And where in the past Tyson has maintained an air of mystery around her image, with this new project, she finally feels ready to step into the spotlight. Just take the music video for “Grunge,” released yesterday, which begins with the musician being tracked from a distance through the fuzz of a CCTV camera, before a close-up of her face slowly takes over the screen through a grid of glitching panels. She wears only a lick of lipgloss, or, in another shot, a childlike drawing of a flower over one eye. “I think I now feel a lot more comfortable and confident to take up that space,” Tyson says, smiling.

Part of that came via working solely with Scheller, with whom Tyson shares an almost cosmic creative alignment: They were born on the same day in different years, and have known each other since primary school. “The mixtape that I put out last year was me experimenting with working with loads of other people, which I loved,” she says. “But with this project, I kind of enjoyed it just being me and him in the studio.

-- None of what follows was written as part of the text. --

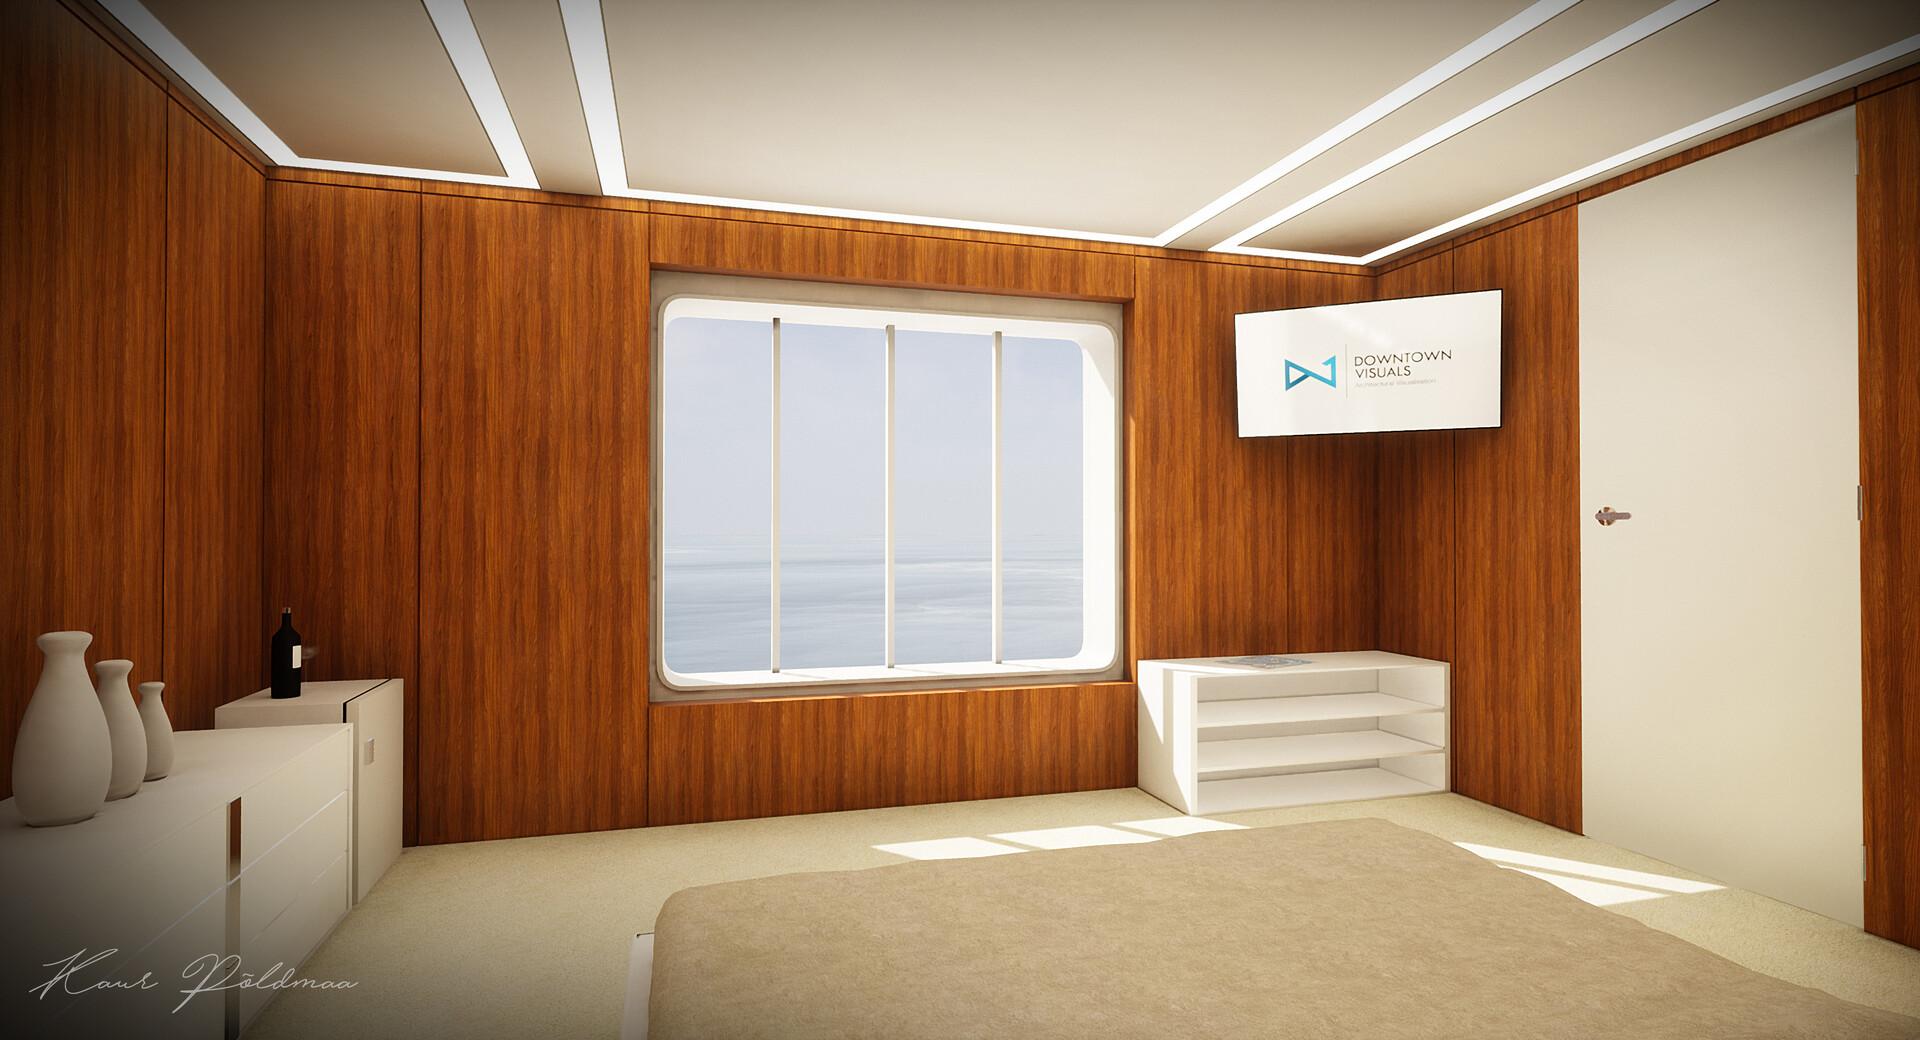 ArtStation - Yacht VR Demo - Unreal Engine 4 Archviz, Kaur

At the time we were making it, I was like, okay, I’ve done lots of stuff with other people, but what does my world sound like on its own?’”

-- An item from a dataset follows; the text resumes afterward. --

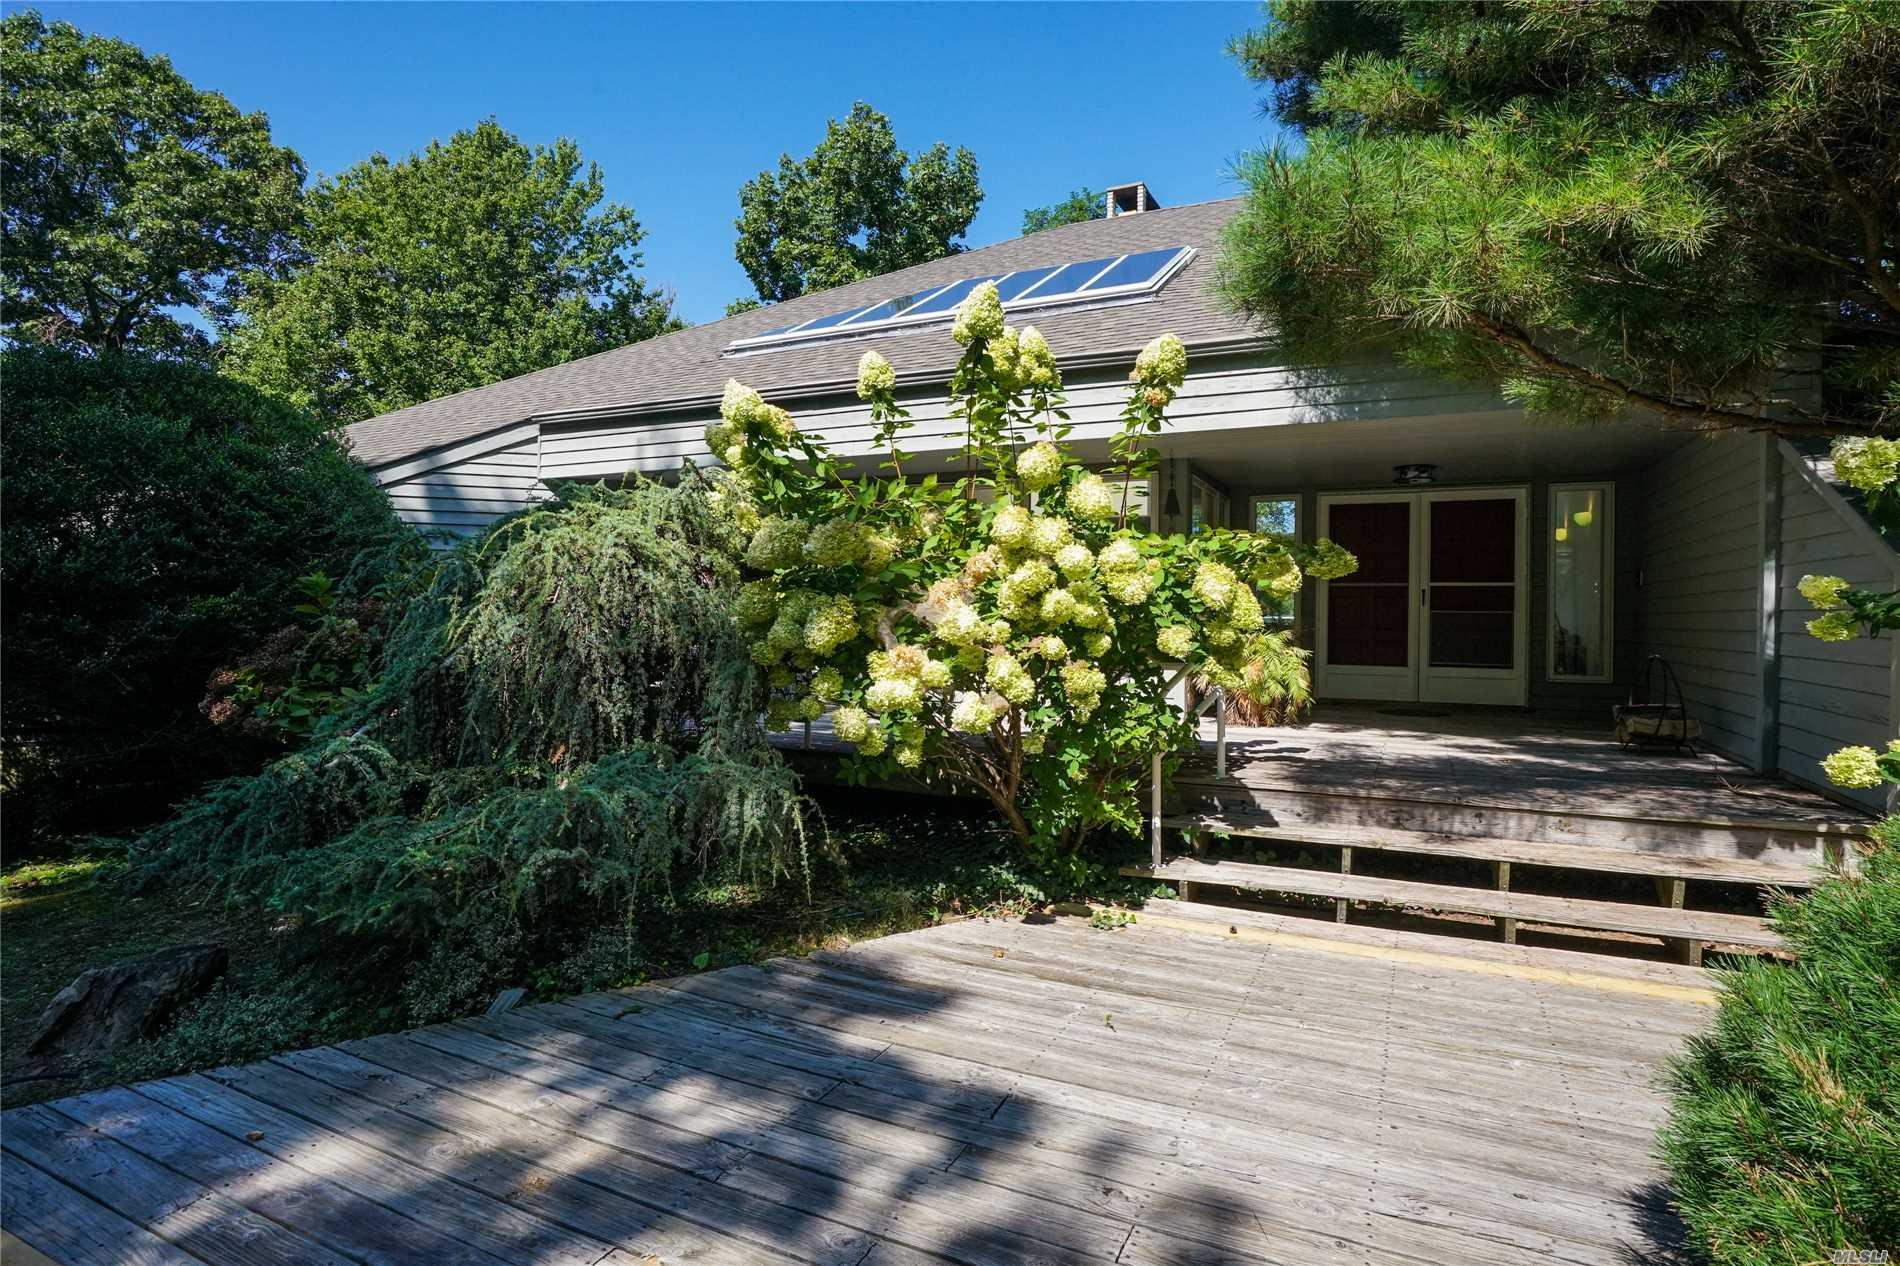 Photo of home for sale at 20 Evans Ln, Setauket NY

That process of boiling her sound down to its essence—even if that essence proved to be something far more complex and wide-ranging than she initially expected—was the product of another major life change: the birth of her first daughter, back in June. While most of the material on Chaos was written well before her pregnancy (“The next record will be the motherhood concept album,” she laughs), the EP’s final song, “Glide,” a breezy ode to the wonders of companionship, points to the new direction that having a child has taken her in. “It kind of touches a little bit on that story of becoming a mom, which was a lot more complicated than I thought it was going to be,” she says, noting that the song ends with a clip of her daughter’s heartbeat, and that she was pregnant when the promotional images were shot. “Even if you can’t see her, I think it’s important for me that she’s kind of been there with me throughout that whole journey.”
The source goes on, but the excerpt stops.